Debut author Kiley Reid highlights a complex web of issues surrounding race, income inequality, social power, and more in this intriguing look at the intersections of family and privilege.

25-year-old Emira is a college grad who’s at loose ends, never having found her passion or true calling. She makes ends meet — barely — by working as a part-time typist and babysitting three days per week for a precious little almost-three-year-old named Briar.

Briar’s parents, Alix and Peter, are recent transplants from New York to Philadelphia. Alix is a social media influencer who has somehow parlayed her talent for getting corporations to send her free stuff in exchange for media coverage into a career as an inspirational speaker and advocate for women’s voices. She lives for the attention and perceived power, loves the image of herself as an influential, visionary women’s leader, and doesn’t particularly have the attention or patience for a small child.

Alix and Peter are white and affluent; Emira is African American and living payday to payday, relying on her more successful friends’ generosity and worrying about her upcoming 26th birthday when she’ll lose her health insurance coverage as her parents’ dependent.

Emira and Briar have an amazing bond. It’s not that Emira loves kids — she just gets Briar and adores her, and the feeling is mutual.

The action starts as Emira is out partying with friends and gets a frantic call from Alix. There’s an emergency at the house, and they need Emira to come take Briar out for a bit. Yes, it’s 10 pm, but this is truly urgent. Emira agrees, and takes Briar to a favorite location, the snooty upper-class (and very white) neighborhood market, where Briar loves to look at the bins of nuts and teas.

Things go wrong, and quickly. Another shopper is suspicious of the young black girl in the party dress toting around a small blonde child. Security intervenes, and things get ugly, and the incident is captured on video by a do-gooder bystander. The incident is awful and upsetting, and Emira just wants to put it behind her once it’s over.

At the same time, Alix develops an odd fascination with Emira, who is unfailingly polite but not particularly interested in Alix. Alix sees herself in a saviour role, wanting to help Emira, bond with her, enrich her life, and become her bestie. She’d love to convince herself and all her friends that Emira is part of the family. But why this growing obsession? What’s behind her need to know and be involved?

As the story progresses, things get more and more complicated. The point of view shifts between Alix and Emira, so we get very different reads on the same situations. And when an unexpected connection between Alix and Emira’s new boyfriend is revealed, complication escalate even further.

It’s a fascinating story. The characters are multi-faceted and often surprising. Honestly, it’s really difficult to like Alix even a little bit, even understanding some of the pain and difficulty in her background.
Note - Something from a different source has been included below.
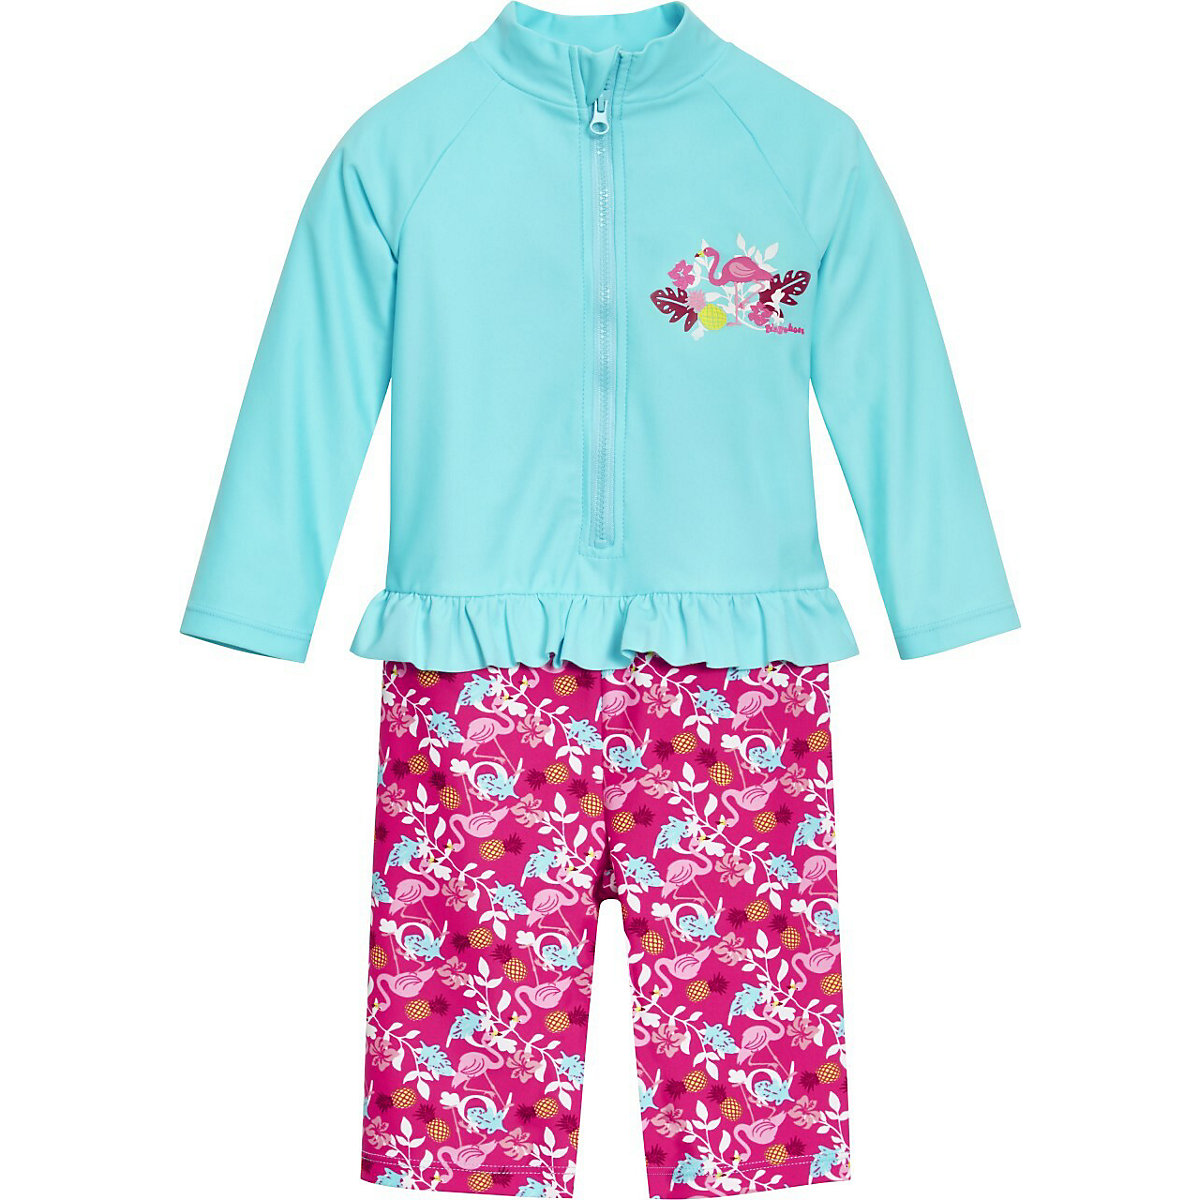 Playshoes UV-Schutz Einteiler Flamingo 1/1 Arm Schwimmanzüge für Mädchen türkis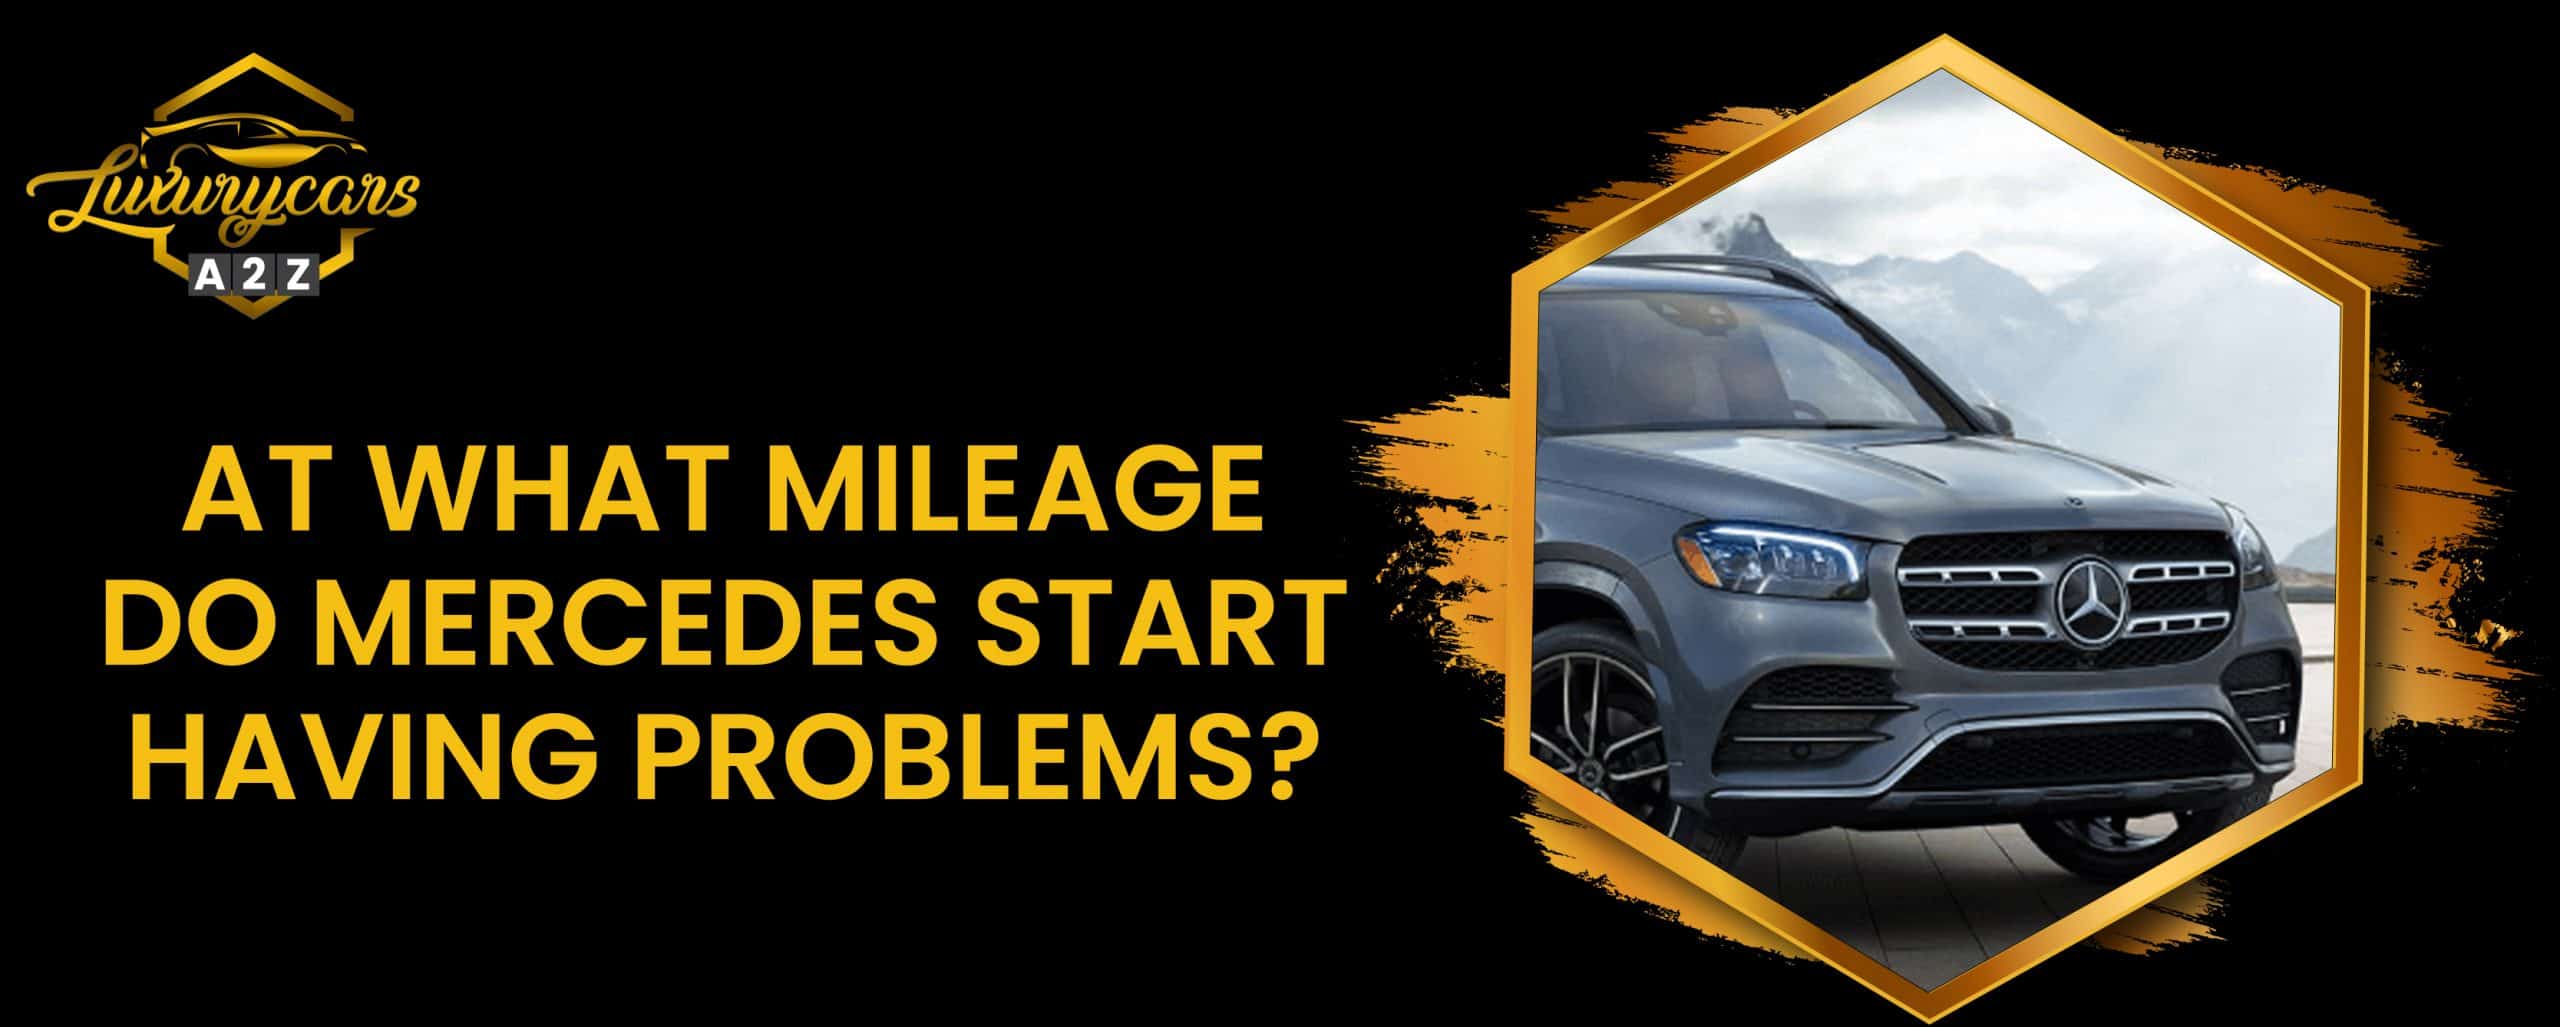 À partir de quel kilométrage les Mercedes commencent-elles à avoir des problèmes ?

Emira’s boyfriend Kelley also has issues, and despite seeming like a mostly stand-up guy, there are certainly some questions about his interpretation of events, his motivations, and his choices.

Emira is very much a woman of the times, 20-something, economically unsteady, wanting more but not sure what or how to move forward, torn between practicality, her own interests, and what everyone else seems to think is best for her.

The author captures so much about the chasms in today’s society in terms of race and social status and affluence. She shows the privilege that pervades self-identified liberals’ attitudes and the (perhaps) unwitting arrogance that makes a person of wealth and influence feel that they know how best to help someone with less.

I loved the writing and the zippy dialogue, as well as the plot that races through the story without short-changing the characters and their conflicts. It’s fascinating to see how different characters’ memories and interpretations of the same events can be so wildly different.

I’m not surprised to see this book being picked up as a book group choice both by mega-star clubs like Reese’s and by casual groups too. In fact, that’s my one complaint — where’s a book group when I need it?

It’s maddening to have no one to talk about this book with. There’s so much to discuss and pull apart and argue over! This is a book that I’ll definitely be pushing into the hands of as many of my bookish friends as possible.